Sometimes it feels as if we are prisoners of evil.
As a nation we seem to lurch from one tragedy to the next, from Columbine to Virginia Tech; from Tuscon to Aurora and on to Sandy Hook Elementary School.
And before we’ve even had time to process the killing of 20 children and six adults at that elementary school in Newtown, Conn., before the collective wound has had time to form an emotional scab, the “Breaking News” icons flash on the screen in front of us and we are told of another horrific place, another senseless act of violence.
This time it was in Boston, with scenes of carnage and photographs of a dead little boy and two young women whose lives ended just as they were beginning to live them. This time there are stories of lost limbs and a staggering number of victims — as well as tales of selflessness and heroism.
This time, in the midst of this most recent New England tragedy, we also learn that an apparently angry man has sent letters that might be poisonous to a U.S. Senator and the President of the United States. We also learned last week from the Southern Poverty Law Center, that in the years since 2009 the number of so-called “hate groups” in the country has increased by a staggering 600 percent.
The person who mailed the ricin-laced letters is being sought. One of the bombers has been killed; the other is facing terrorism charges. We’ve also learned that in the wake of the Boston explosions, some of our society’s greediest vultures — evil in their own right — started fake charities intended to line their own pockets. Then there was the horrific explosion in Texas.
It’s almost enough to make a person give in to despair and abandon hope altogether.
But our faith teaches us that hope is resilient; that hope does, in fact, spring eternal.
In a newspaper column last week, the Rev. Joseph Phelps, pastor of Highland Baptist Church, noted that the planted bombs in Boston “force those of us who live in generally safe and happy worlds to consider how we contend with the presence of a rage that is bent on destruction for no explicit or implicit reason.” We face that rage, he noted, with the tools God has given us — faith, hope and love.
Hope “plays the long game,” the minister wrote, “and is not dependent on winning every skirmish in the battle. It reminds us that we are part of a whole that will continue long after our work is done.”
And love, he added, “is heaven’s lightning in a bottle.
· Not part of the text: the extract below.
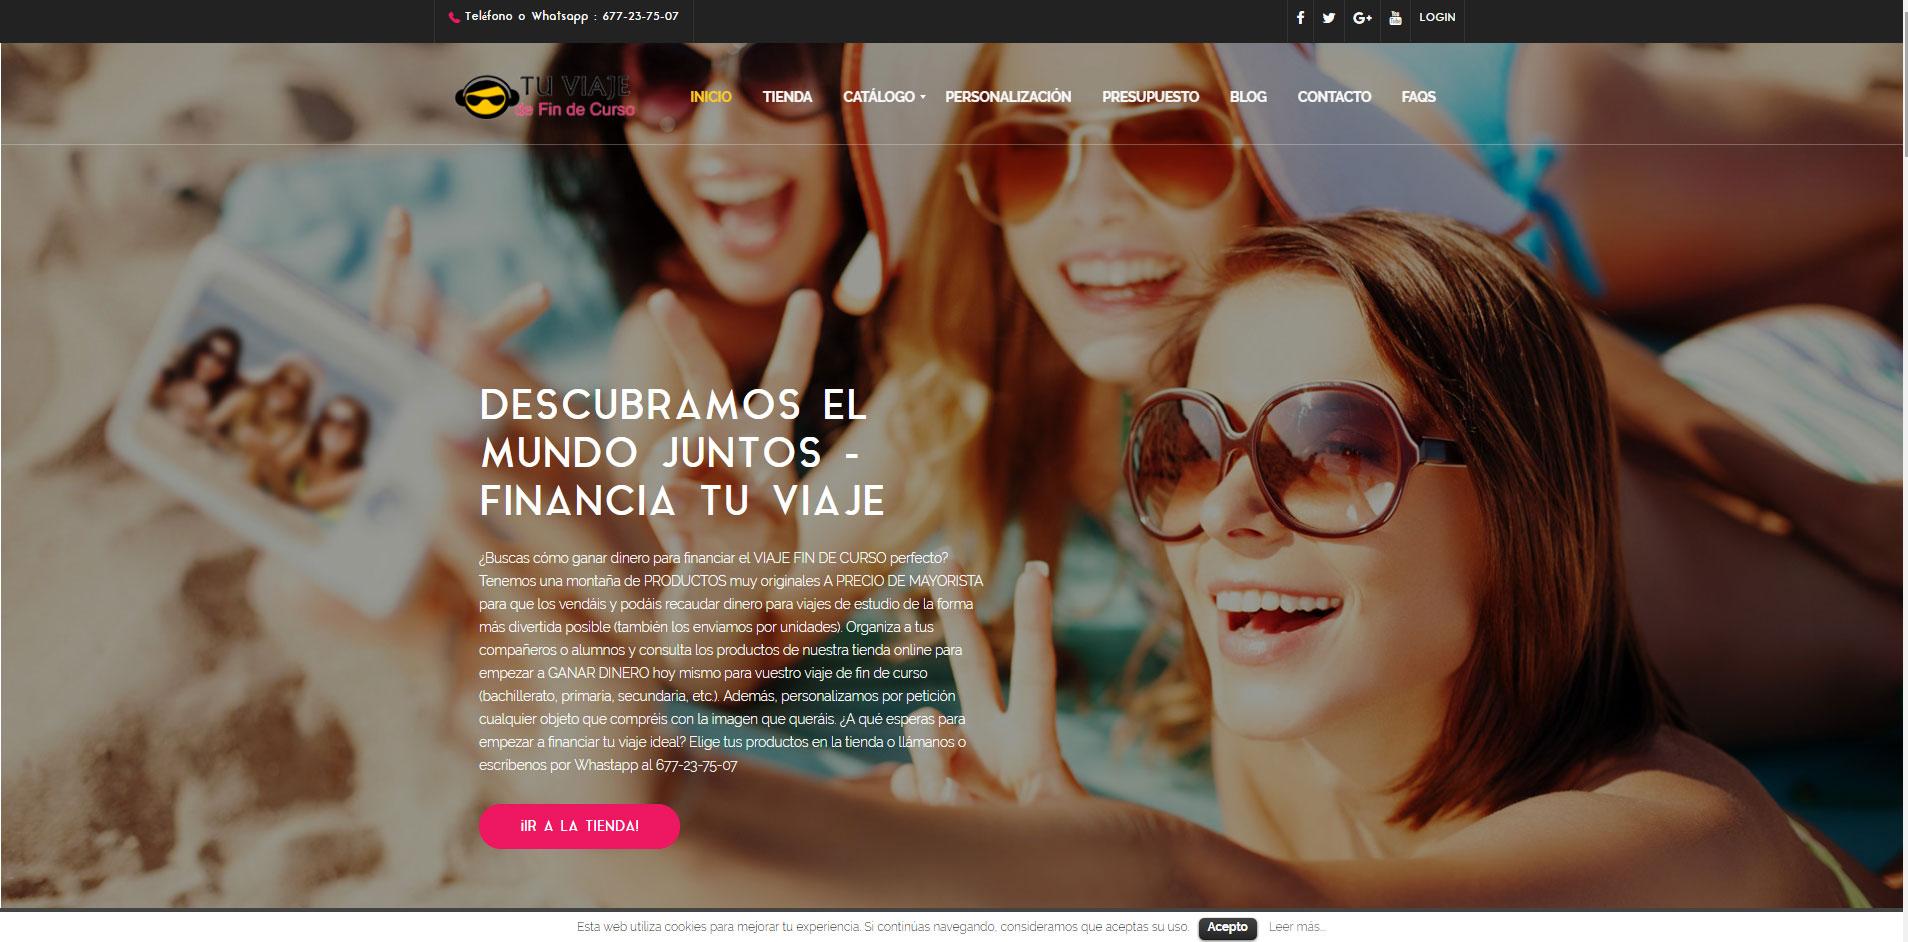 portafolio-diseno-web-marisol-tvdfdc

It illuminates the atrocity, exposes the evil and, like the sun, activates life.”
Last week while the Boston tragedy was unfolding, Archbishop Joseph E. Kurtz was in Birmingham where another cause for hope, some additional evidence of progress against an evil, was on display.
The archbishop was attending a meeting organized by Christian Churches Together to recognize the importance and impact of the Rev. Dr. Martin Luther King’s famed “Letter From Birmingham Jail.” That letter was written in April of 1963 and was Dr. King’s response to religious leaders who had urged him to negotiate and wait for courts to act to curb civil rights abuses.
Dr. King’s response — all 21 pages of it — was published in newspapers and magazines; it was never mailed to the religious leaders who had counseled restraint. In it Dr. King wrote words that became a mantra for those who fought for civil rights — he said “injustice anywhere is a threat to justice everywhere.”
In his remarks to the Christian Churches Together gathering, Archbishop Kurtz noted the work of the Catholic Church to overcome the evil of racism and quoted from the U.S. Catholic Bishops’ Pastoral Letter on Racism. It said, “racism is a sin: a sin that divides the human family, blots out the image of God … and violates the fundamental human dignity of those called to be children of the same Father.”
“This gathering allows not simply a response in writing (to Dr. King’s letter) but also one given in living witness,” the archbishop noted. “Our living witness has three elements. Thus today, we must ask forgiveness for past wrongs, be grateful for words that have already borne fruit, and be resolved for more action.”
The churches represented in Birmingham have worked to overcome one form of evil, just as the rest of us must work to overcome the other evils that provide our lives with tribulations.
We would all do well to remember the words of Edmund Burke: “All that is necessary for the triumph of evil is that good (people) do nothing.”